6.4.2. Chi può diventare peer supporter

Gli intervistati sono d’accordo sulla necessità di definire dei criteri da prendere in considerazione per la selezione dei peer supporter, forti del pensiero che non tutti i pazienti possono ricoprire tale ruolo delicato e complesso.

In contrasto a ciò, la maggior parte dei peer supporter (7 su 9) afferma che in astratto tutti i pazienti possono diventarlo, ma riconoscono la necessità d’individuare dei criteri anche per tutelare chi potrebbe non trarre giovamento dallo svolgimento di tale ruolo.

In particolare, tra i requisiti per diventare peer supporter, essi individuano la disponibilità, motivazione e sensibilità per lo svolgimento di questo ruolo e sottolineano l’importanza di aver appreso l’obiettivo di questa forma d’aiuto.

Requisito fondamentale per diventare peer supporter sembra essere per gli operatori quello di aver intrapreso un percorso buono della propria vita, nel senso di aver imparato a vivere bene nonostante la malattia guardando al futuro in maniera positiva e al di là della patologia. Alcuni operatori notano

164 un rischio in tale criterio caratterizzato dalla possibilità di selezionare persone “eccezionali” che possono rappresentare un modello ideale irraggiungibile:

“Dovrebbero essere persone abbastanza normali, non persone, io parlo di lesione midollare, che si buttano con il paracadute, che fanno mille sport. Io vedo più positiva una persona che ha una lesione midollare ed è riuscita ad avere una vita normale, non sovraesposta: una persona realmente alla pari e nei confronti della quale i pazienti pensano - ce la posso fare anche io allora forse.” (Int. 5, O.M.)

Alla luce delle considerazioni sin qui esposte e dall’analisi delle interviste si possono individuare i seguenti criteri di selezione per diventare peer supporter definiti dagli intervistati:

- avere un’esperienza di malattia caratterizzata dal raggiungimento di un percorso di vita positivo nonostante la presenza della patologia e aver imparato a condurre una vita pressoché normale al di là della malattia stessa;

- avere capacità di dialogo e di ascolto;

- saper trasmettere positività;

- aver compreso il significato del peer support;

- avere disponibilità, motivazione e sensibilità per questo ruolo;

6.4.3. Atteggiamenti del peer supporter

Gli operatori sembrano suggerire l’utilità di un atteggiamento amichevole, ma allo stesso tempo oggettivo, ossia caratterizzato dall’abilità di cogliere con lucidità gli eventuali disagi della persona per aiutarla a esplicitarli e sostenerla attraverso il proprio sapere esperienziale.

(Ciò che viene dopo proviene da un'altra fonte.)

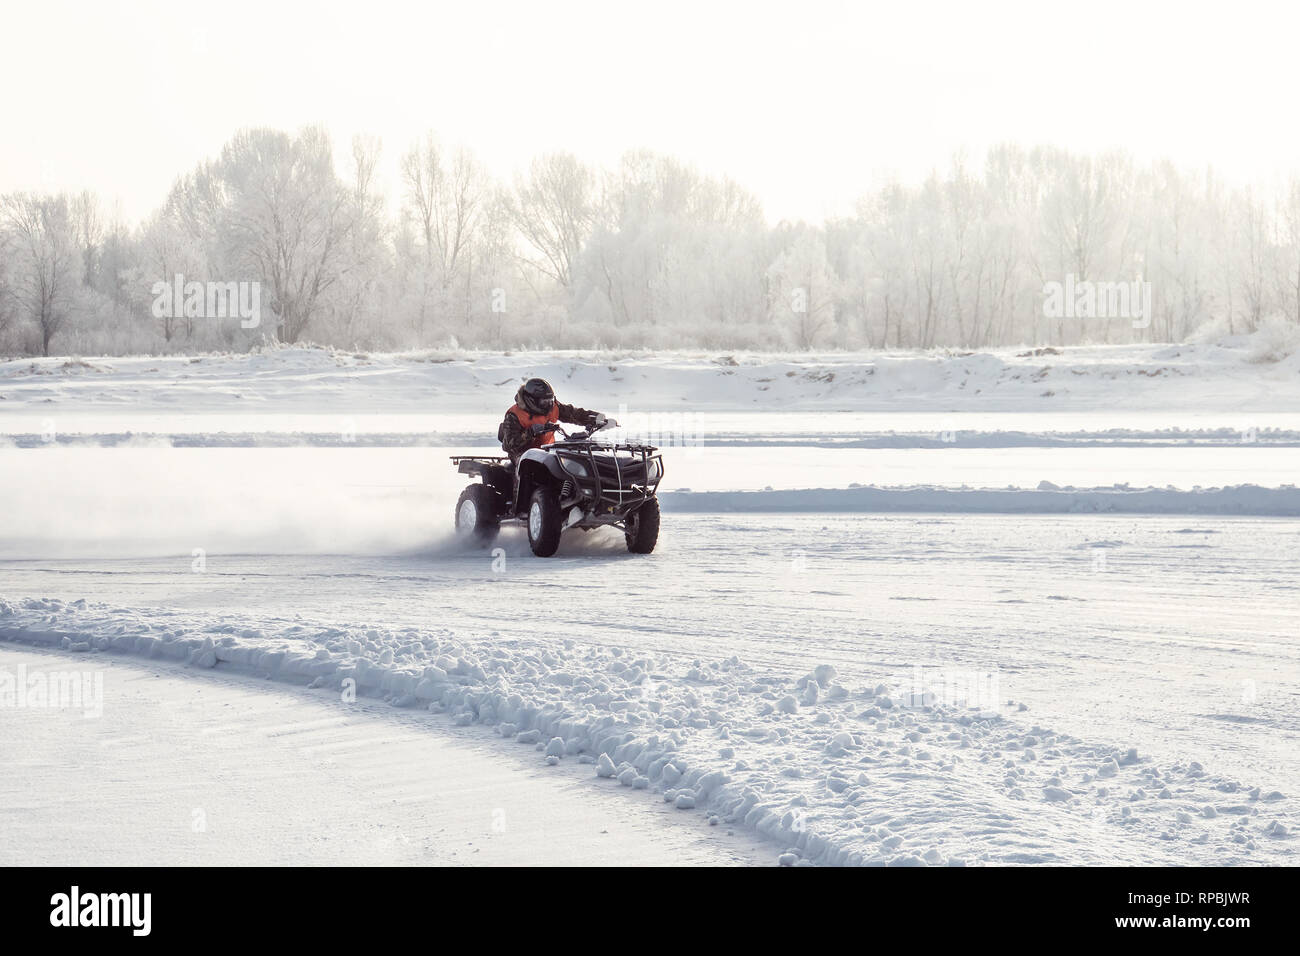 extreme winter motocross. The driver of the ATV skidded on the turn on a steep road. The ATV rider rides on the frozen ice on the lake Stock Photo

Negli atteggiamenti da assumere, la positività nei confronti della vita nonostante la presenza della malattia è l’elemento che accomuna anche i peer supporter, in linea con quanto affermato dagli operatori e in un certo qual modo anche dai pazienti. Qualche peer supporter vede nella spontaneità e nella riservatezza atteggiamenti imprescindibili per lo svolgimento di tale attività. Due peer supporter riportano poi l’importanza di avere un atteggiamento umile caratterizzato dalla valorizzazione di tutto ciò che la persona riporta:

“È importante per me non presentarsi mai come esperti, anche se è la prima volta, non fare davanti agli altri i saputelli, quelli che perché io lo vivo da 10 anni, da 20 anni lo so e tu no.

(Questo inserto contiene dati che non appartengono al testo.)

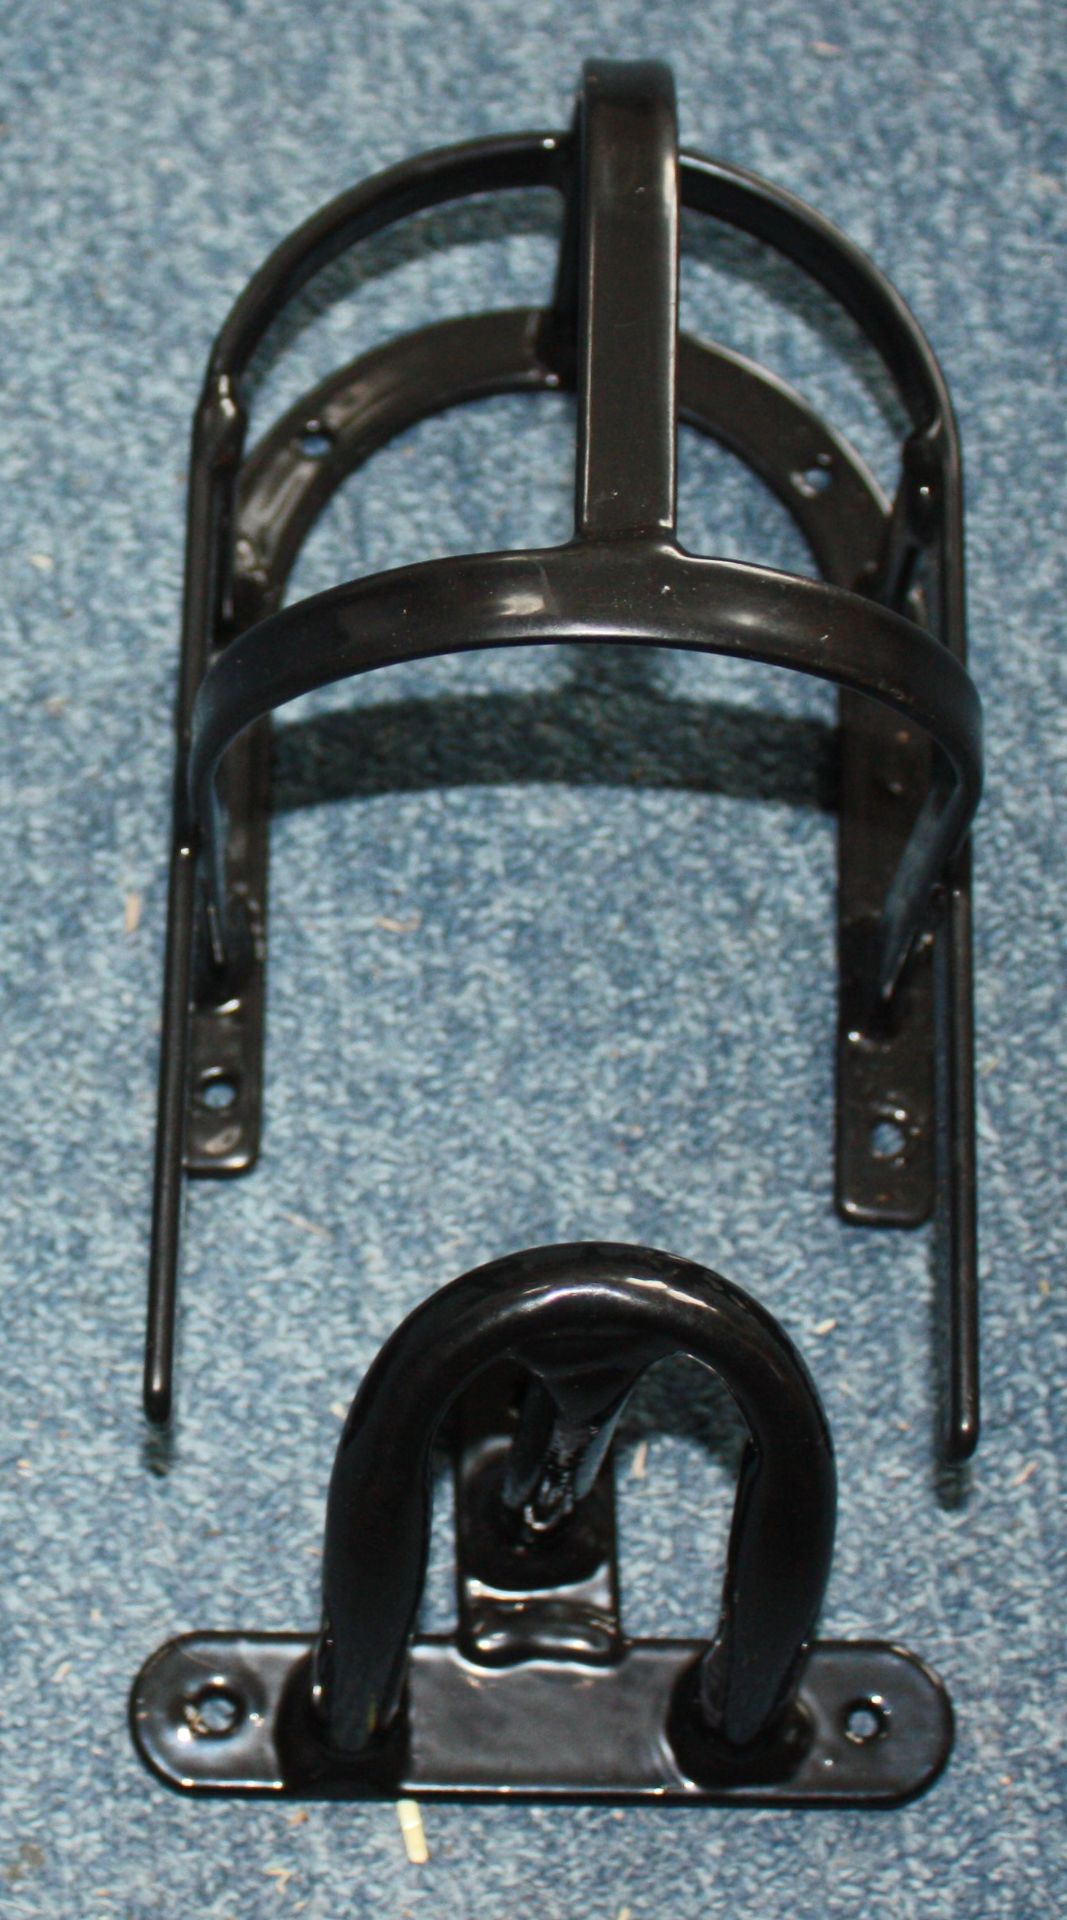 Bridle rack and rein rack by Stubbs

Perché è veramente…. insomma non è producente, non farebbe sentire l’altra persona accolta nel suo dolore perché per noi oggi è un gesto abitudinario, facendo degli esempi: la gestione

165 della doccia, l’igiene personale, ecc. Perché all’inizio è stato molto difficoltoso, non sai come farlo. Quindi non è che un peer supporter può andare lì e dire no guarda farsi la doccia è una banalità, perché per chi è fresco non è per niente una banalità.” (Int. 24, PS. M.)